Open source software is embraced irreversibly. The software industry as a whole is now realizing that a shared commitment is to be given to improve the state of reliability of open source software, the software used by all of us. Leading software companies are already contributing to the common good of improving reliability of open source.
Thinking Software, Inc. (TSI)'s solution is a new type of social network, this time around - a “social network of computers”, each contributing to the common good of the world’s open source software reliability. This solution is free for the open source community.
The success of collective work of programmers is well exampled by the popularity of GitHub (“Facebook for geeks”). Just imagine now, how in contrast, a "social network of computers" - that do not make cognitive mistakes and do not stop for coffee breaks – is even much more effective. Thinking Software, Inc. is introducing precisely this technology and solution.
http://www.thinkingsoftware.com/
Traditional technology of "static program analysis" is still useful but very limited and not sufficient on its own. Dynamic code analyzer from Thinking Software Inc. is to help the reliability of any software. Software is a dynamic entity, and its value, and its faults, can be completely realized only when it runs.
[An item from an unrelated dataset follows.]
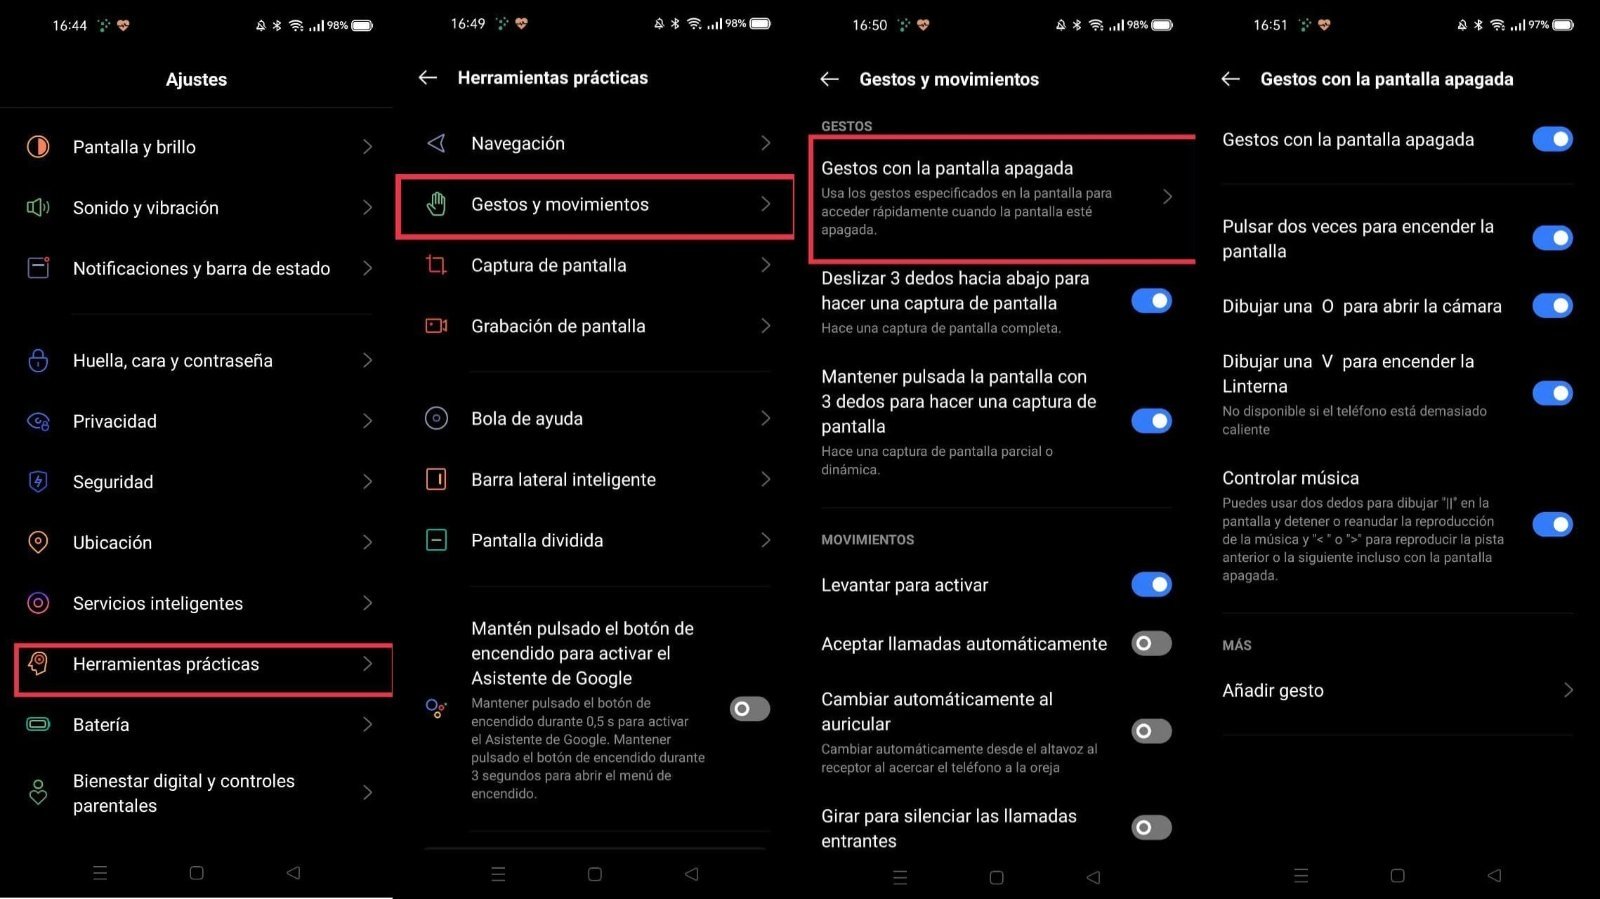 So you can activate the gestures with the screen off in realme UI

“Exhaustive testing” does not exist. See the proof in a quote below, showing how one management official was using the term “Exhaustive test” without understanding that it is, in fact, not feasible. The following was said after the well-publicized incident of “2003 Northeastern Power Blackout” resulting in affected areas being out of power for nearly two days, eleven fatalities and over six billion dollars in damages:
"We test exhaustively, we test with third parties, and we had in excess of three million online operational hours in which nothing had ever exercised that bug. I'm not sure that more testing would have revealed that. Unfortunately, that's kind of the nature of software... you may never find the problem." - Manager of Commercial Solutions at GE Energy.
Other well-publicized examples: Mars Rove Communications failures, losses of lives by radiation overdose, Facebook IPO glitch and many more.
Traditional “exhaustive testing” is “wishful thinking”. Thinking Software, Inc. will go on the record in saying that believing that any software is verifiably correct after the formal testing cycle is “wishful thinking”. The real world is testing our applications all the time. And we believe that TSI’s solution of “constant program understanding” is more appropriate.
Long live open source! And long live dynamic code analysis!